Work task:
Return each line of the data below verbatim; pictures are to be left out.

Given material:
════════════════

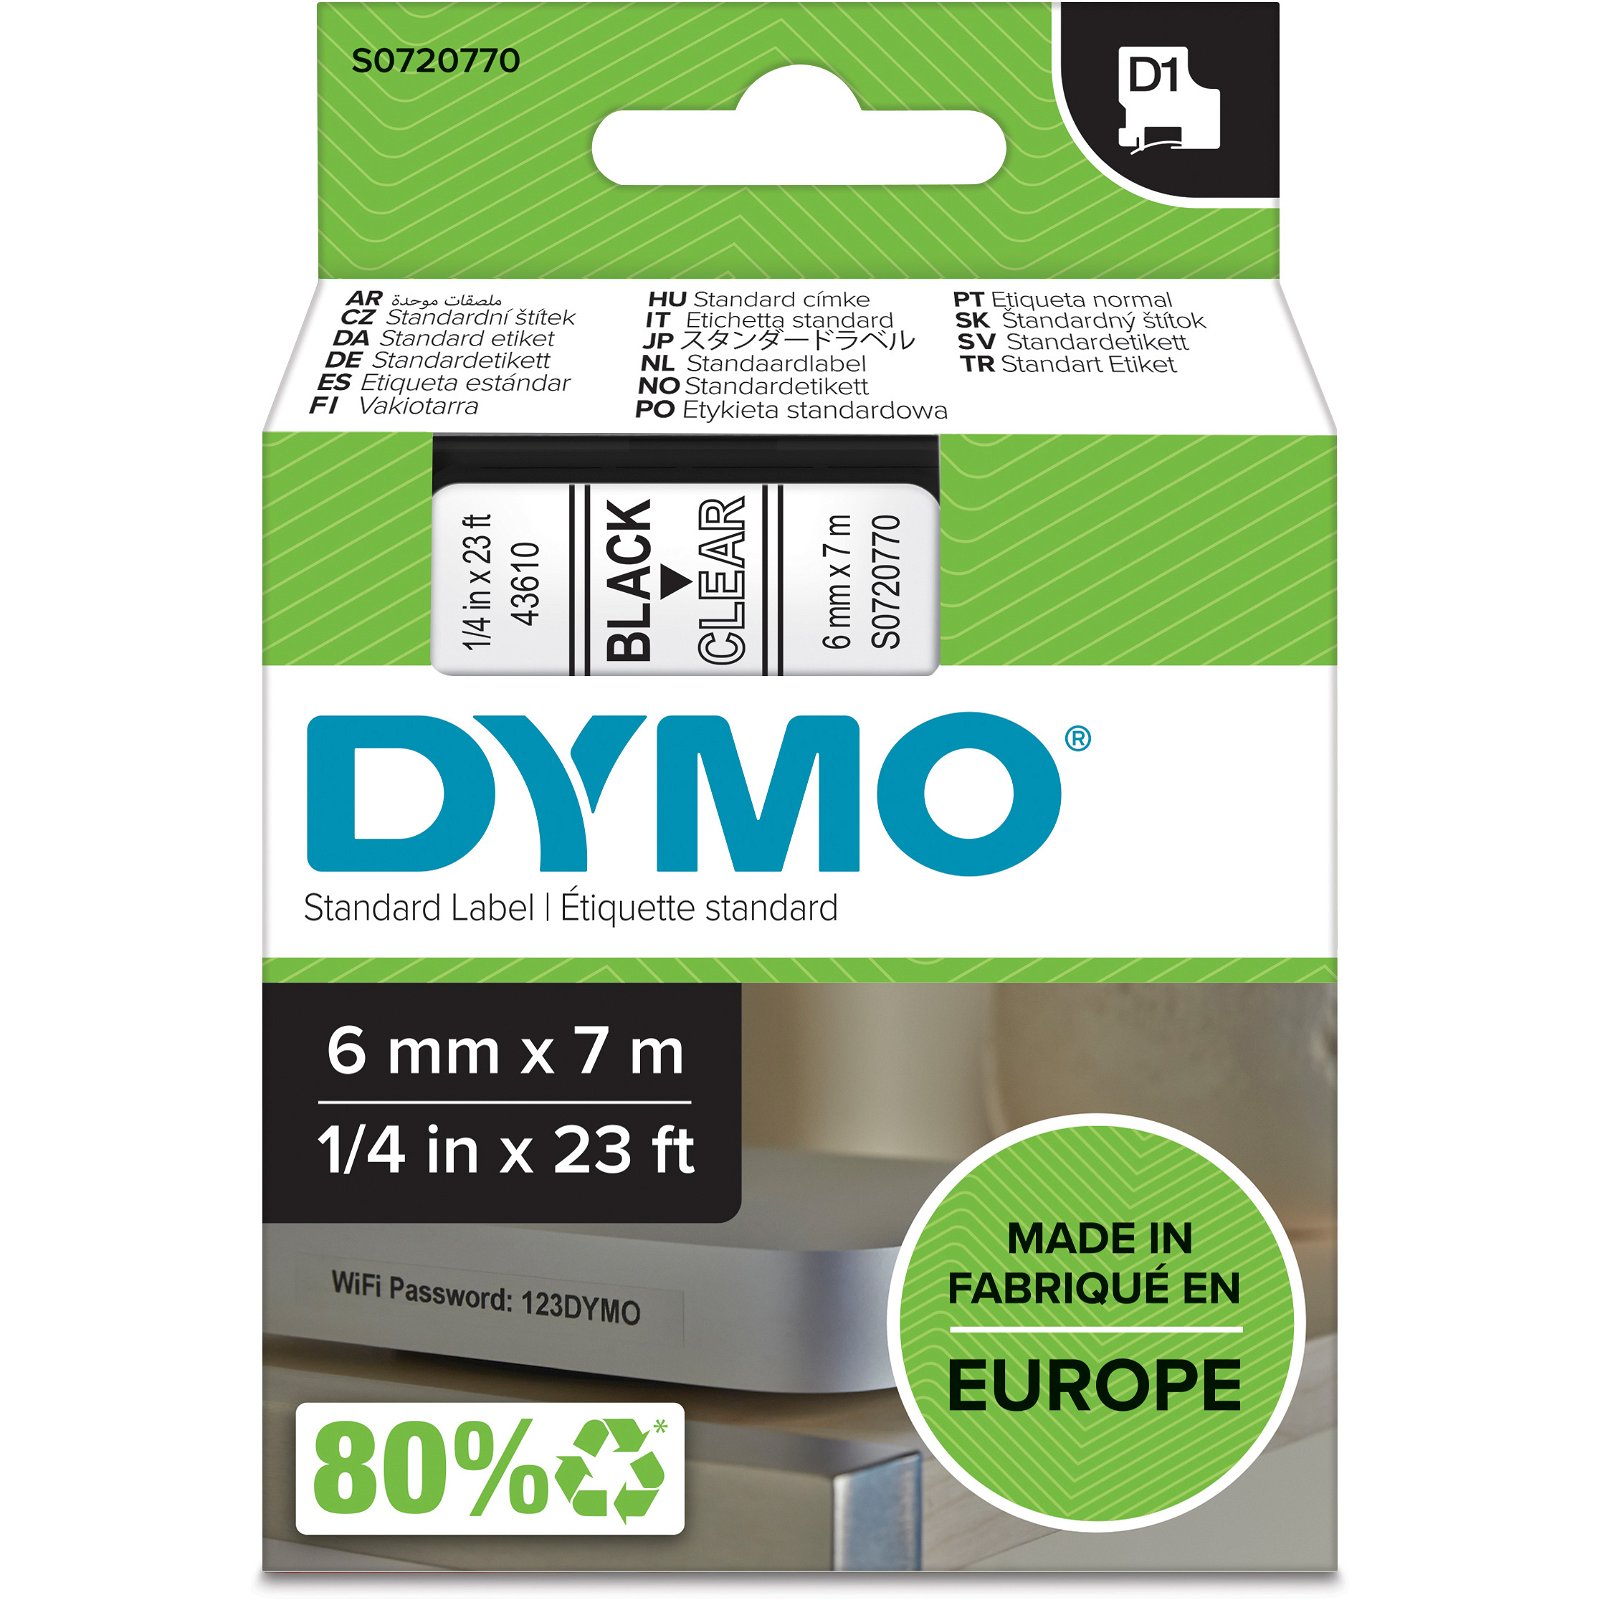 Dymo D1 standard tapekasette 6 mm sort;klar Polyester
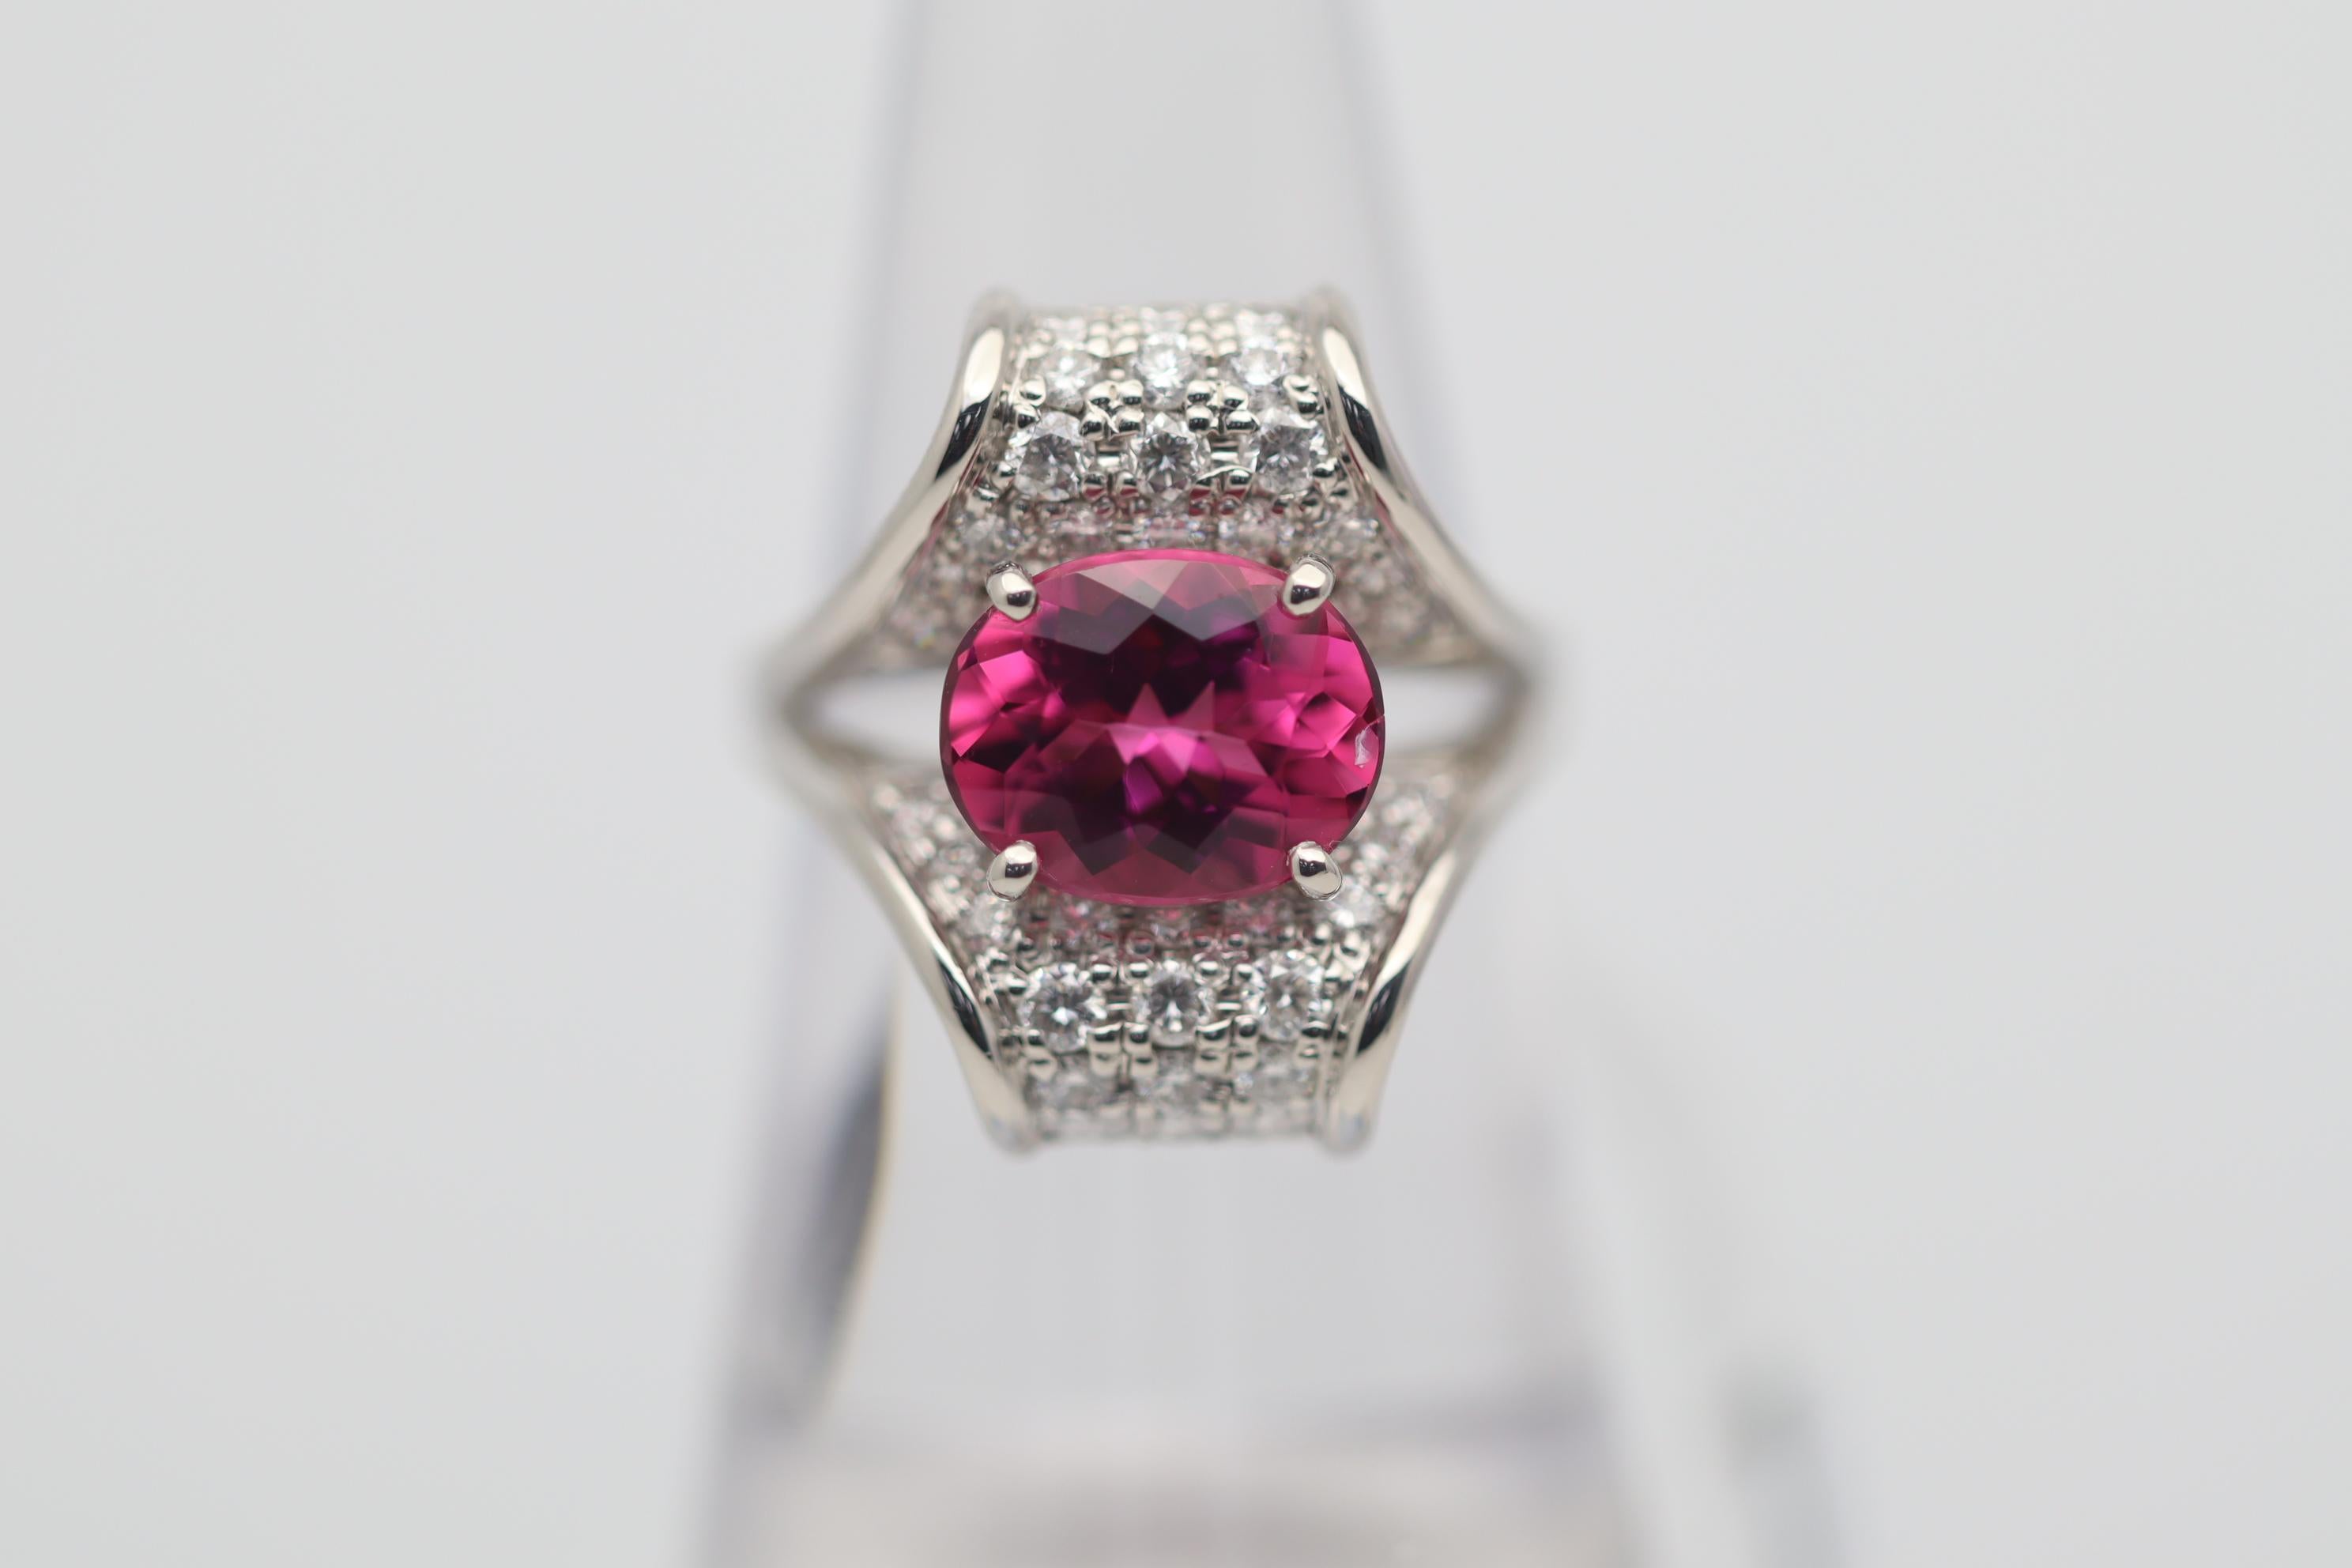 Ein süßer und saftiger Rubellit-Turmalin steht im Mittelpunkt! Er hat eine leuchtende, lebhafte rosa-rote Farbe und wiegt 2,49 Karat. Ergänzt wird er durch 0,96 Karat runde Diamanten im Brillantschliff, die dem Ring zusätzlichen Glanz und Brillanz
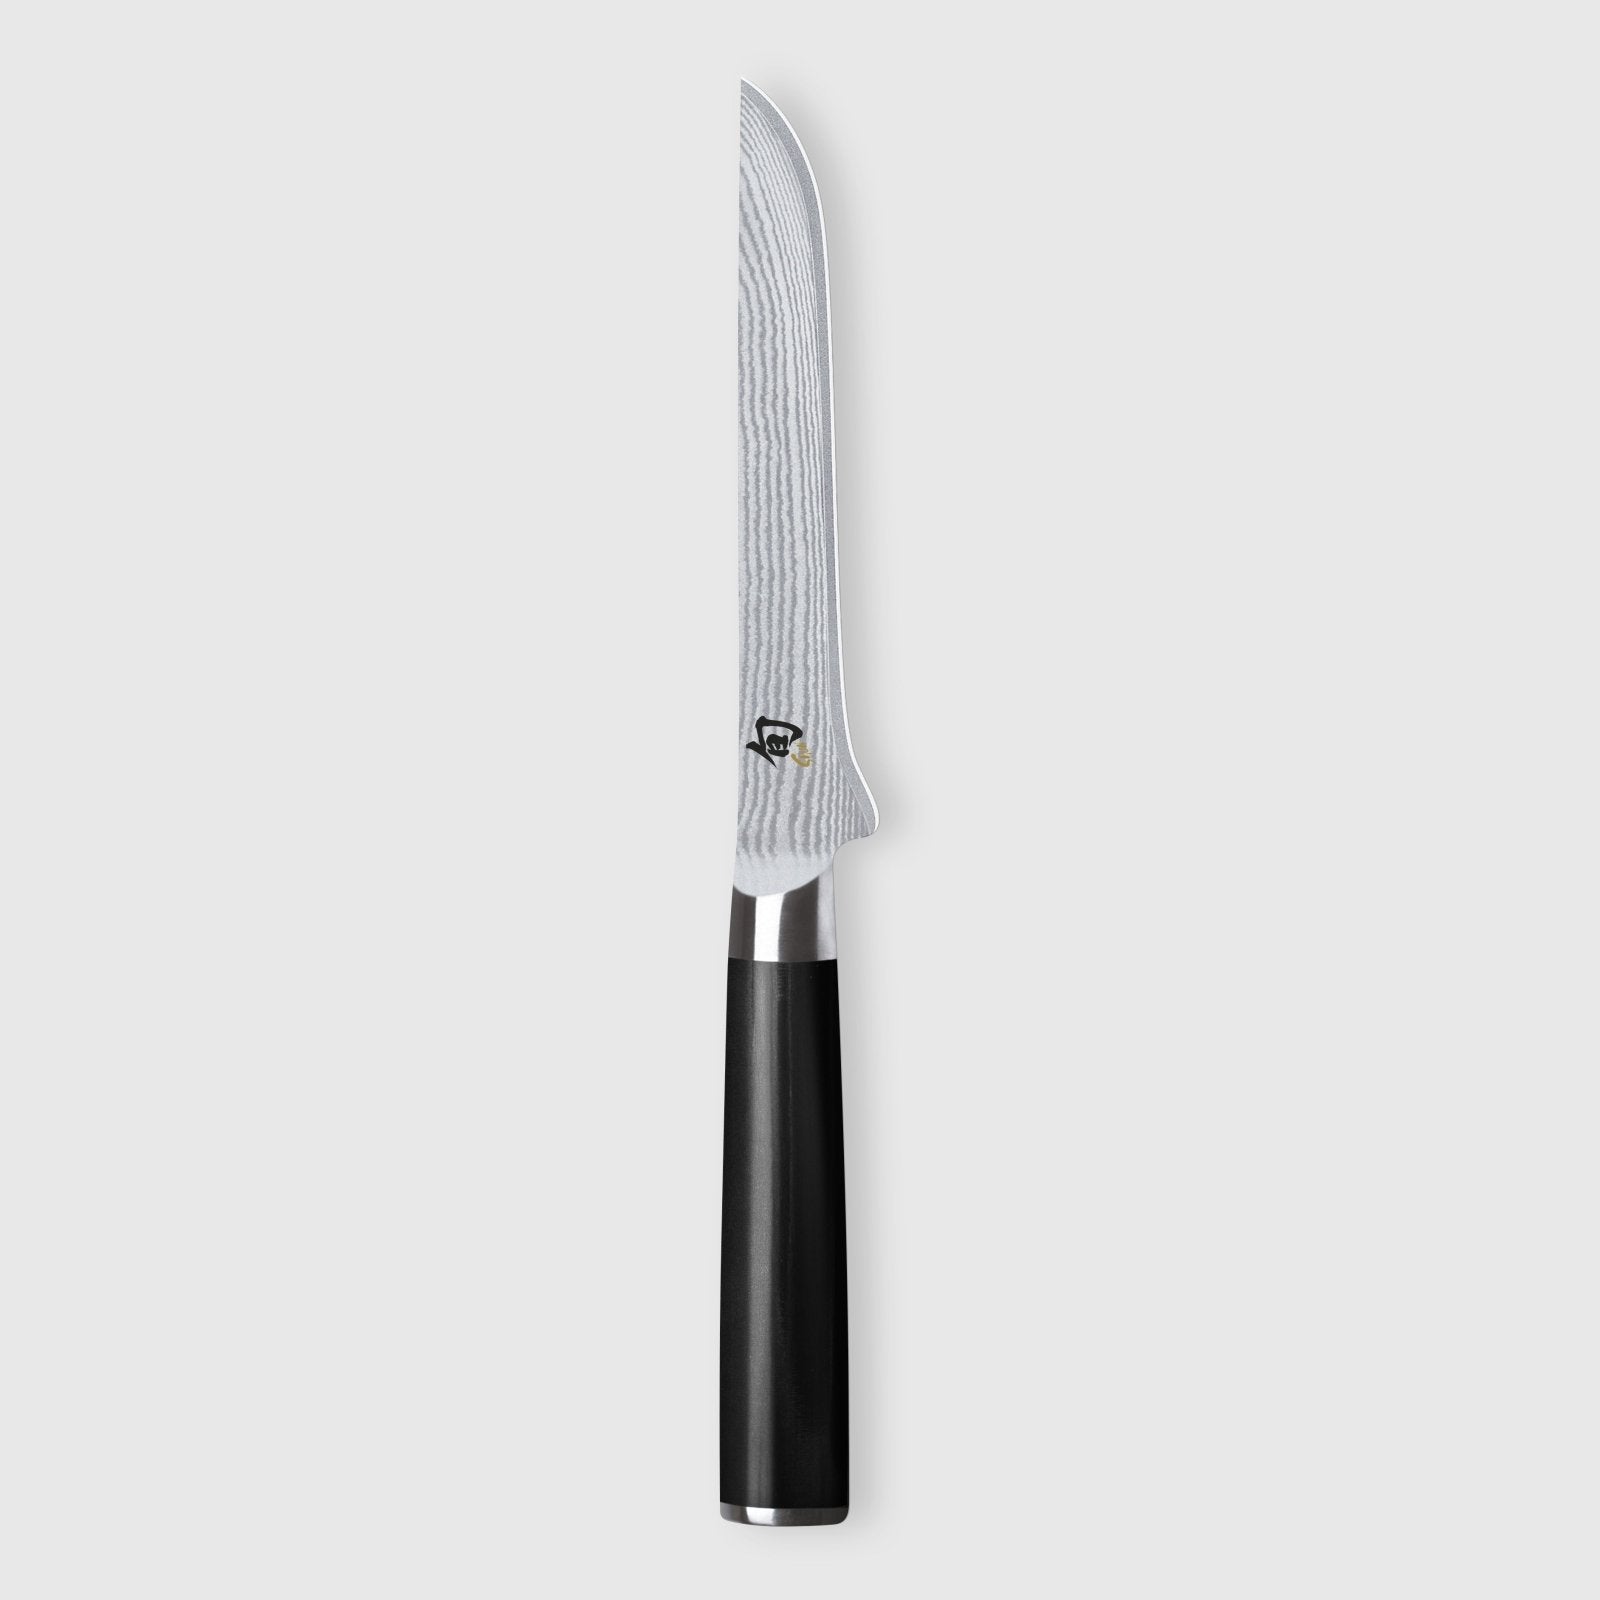 KAI Shun 15cm Boning Knife - KAI-DM-0710 - The Cotswold Knife Company

════════════════

Response area:
 Dymo D1 standard tapekasette 6 mm sort;klar Polyester
 Ein süßer und saftiger Rubellit-Turmalin steht im Mittelpunkt! Er hat eine leuchtende, lebhafte rosa-rote Farbe und wiegt 2,49 Karat. Ergänzt wird er durch 0,96 Karat runde Diamanten im Brillantschliff, die dem Ring zusätzlichen Glanz und Brillanz
 KAI Shun 15cm Boning Knife - KAI-DM-0710 - The Cotswold Knife Company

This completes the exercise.